In an article published on July 2, 2020, in the peer-reviewed journal Biotechnology Advances, Joao Medeiros Garcia Alcantara and colleagues from the Department of Chemistry, Politecnico di Milano, Italy, reviewed the currently available production methods for polyhydroxyalkanoate (PHA) bioplastics.
The authors recall that “PHAs are naturally occurring polymers, mainly produced by bacteria for carbon and energy storage” and that they are “in general . . . biodegradable, biocompatible, non-toxic, insoluble in water and soluble in chloroform and other chlorinated solvents.” However, “depending on the type of PHA, composition and molecular weight, these properties vary greatly, even affecting the degradation kinetics of the material.”
PHA can be produced via three main routes, i.e., microbiological, enzymatic, and chemical. The authors review all three routes focusing on the molecular characteristics of the resulting polymer, costs of raw materials and production processes, and “availability of industrial technologies for large-scale production,” with the final goal being to assess the “potential scalability and current hindrances towards commercialization.”

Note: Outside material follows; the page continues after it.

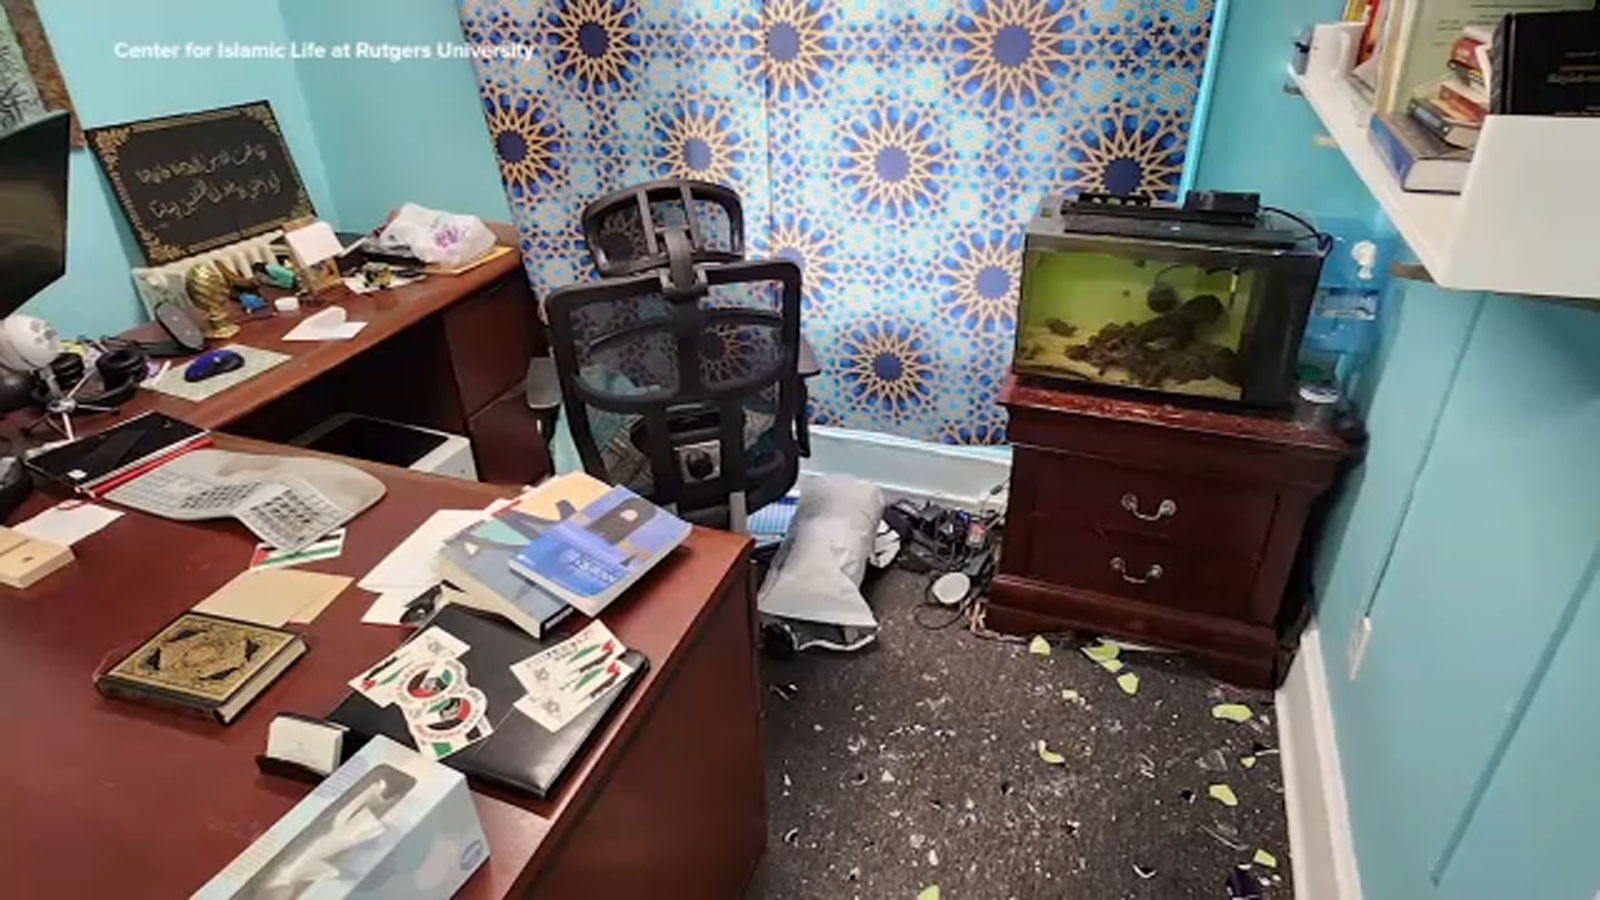 Center for Islamic Life at Rutgers University in NJ vandalized during Muslim holy period of Eid al-Fitr [Video]

Based on their findings, the authors conclude that, when considering process costs, “the microbiological route is the one of choice for any possible large-scale production.” The chemical route also presents a favorable possibility, especially considering the availability of industrial technologies for large scale production, while the enzymatic route appears to be the least promising among the three. The cost of the final product still constitutes a major hindrance to the widespread commercialization of PHA bioplastics, because, “even for the most convenient case of the microbiological route, [it] is still too high to compete with that of traditional plastics of fossil origin.” Therefore, current research efforts are “directed to the identification of suitable and cheap raw materials, such as waste streams coming from other industrial or civil activities.” However, “this is only one component of a successful industrial technology,” and “more work needs to be done in the direction of process engineering, for example using . . . integrated continuous production units.”
Reference
Medeiros Garcia Alcantara, J., et al. (2020). “Current trends in the production of biodegradable bioplastics: The case of polyhydroxyalkanoates.” Biotechnology Advances 42: 107582.